Probability as Frequency

The four chapters under this section explore frequentist ideas. It starts off by describing some deductive connections between probability rules and our intuitions about stable frequencies. Subsequently, a core idea of frequency-type inductive inference— the significance idea is presented. The last chapter in the section presents a second core idea of frequency-type inductive inference— the confidence idea. This idea explains the way opinion polls are now reported. It also explains how we can think of the use of statistics as inductive behavior. Basically all the chapters give a crash course on classical statistics without too much of math.

Probability applied to Philosophy

The book introduces David Hume’s idea that there is no justification for inductive inferences. Karl Popper, another philosopher agreed with Hume but held the view that it doesn’t matter as inductive inferences are invalid. According to Popper, “The only good reasoning is deductively valid reasoning. And that is all we need in order to get around in the world or do science”. There are two chapters that talk about evading Hume’s problem, one via Bayesian evasion(argues that Bayes’ Rule shows us the rational way to learn from experience) and the other one via Behavior evasion(argues that although there is no justification for any individual inductive inference there is still a justification for inductive behavior).

The Bayesian’s response to Hume is :

Hume, you’re right. Given a set of premises, supposed to be all the reasons bearing on a conclusion, you can form any opinion you like. But you’re not addressing the issue that concerns us! At any point in our grown-up lives (let’s leave babies out of this), we have a lot of opinions and various degrees of belief about our opinions. The question is not whether these opinions are “rational.” The question is whether we are reasonable in modifying these opinions in the light of new experience, new evidence. That is where the theory of personal probability comes in. On pain of incoherence, we should always have a belief structure that satisfies the probability axioms. That means that there is a uniquely reasonable way to learn from experience— using Bayes’ Rule.

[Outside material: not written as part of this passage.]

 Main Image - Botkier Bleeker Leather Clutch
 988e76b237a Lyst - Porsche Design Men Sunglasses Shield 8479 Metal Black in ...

The Bayesian evades Hume’s problem by saying that Hume is right. But, continues the Bayesian, all we need is a model of reasonable change in belief. That is sufficient for us to be rational agents in a changing world.

The frequentist response to Hume is:

We do our work in two steps: 1) Actively interfering in the course of nature, using a randomized experimental design.2) Using a method of inference which is right most of the time— say, 95% of the time. Frequentist says: “ Hume you are right , I do not have reasons for believing any one conclusion. But I have a reason for using my method of inference, namely that it is right most of the time.”

The chapter ends with a single-case objection and discusses the arguments used by Charles Sanders Pierce. In essence, the chapter under this section point to the conclusion of Pierce:

An argument form is deductively valid if the conclusion of an argument of such a form is always true when the premises are true.
An argument form is inductively good if the conclusion of an argument of such a form is usually true when the premises are true.
An argument form is inductively 95% good if the conclusion of an argument of such a form is true in 95% of the cases where the premises are true.

Takeaway :

The field of probability was not discovered; rather, it was created by the confusion of two concepts. The first is the frequency with which certain events recur, and the second is the degree of belief to attach to a proposition. If you want to understand these two schools of from a logician’s perspective and get a grasp on various philosophical takes on the word, “probability”, then this book is a suitable text as it gives a thorough exposition without too much of math.